6. Find the Sum of Squares due to Error for the estimated simple linear regression equation between number of bedrooms and electric bill.
7. Find the coefficient of determination for the estimated simple linear regression equation between number of bedrooms and electric bill.
8. Interpret the coefficient of determination for the estimated simple linear regression equation between number of bedrooms and electric bill.
9. Find the correlation coefficient for the estimated simple linear regression equation between number of bedrooms and electric bill.
10. Find the Mean Square Error for the estimated simple linear regression equation between number of bedrooms and electric bill.
11. Find the standard error of the estimate for the estimated simple linear regression equation between number of bedrooms and electric bill.
12. Find the standard error of the sample slope coefficient for the estimated simple linear regression equation between number of bedrooms and electric bill.

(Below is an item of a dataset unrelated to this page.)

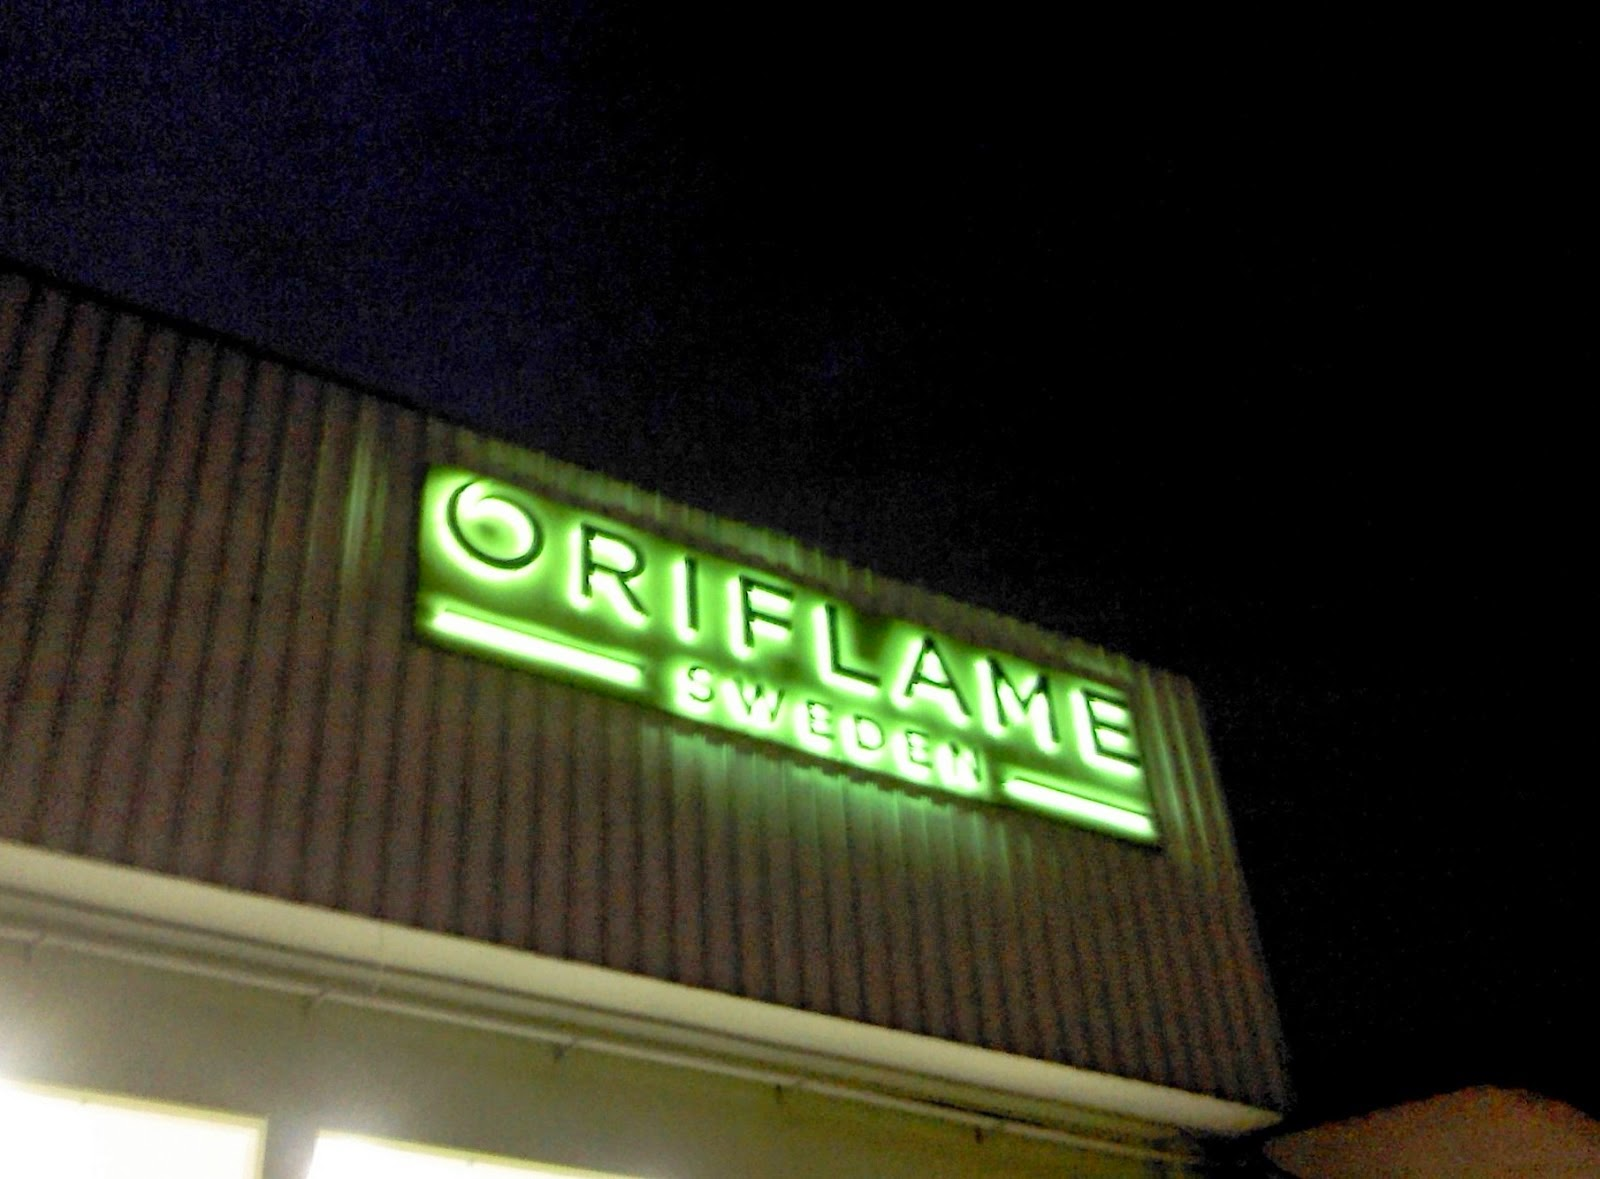 Informasi Tempat Oriflame Bandung, Produk Kecantikan Swedia

13. Find the standard error of y^∗ when given x* = 4
(More exact wording: Find the standard error of the mean electric bill for houses with 4 bedrooms)
14. Find the standard error of y* when given x*=4
(More exact wording: Find the standard error of the electric bill for a single house with 4 bedrooms)
15. Use a hypothesis test to try to prove that there is a useful linear relationship between the number of bedrooms and the electric bill using a significance level of 0.05.
16. Construct a 95% confidence interval for the population slope coefficient of the simple linear regression equation between number of bedrooms and electric bill. (you do not need to interpret)
17. Construct a 95% confidence interval for the mean electric bill for all houses with 4 bedrooms. (you do not need to interpret)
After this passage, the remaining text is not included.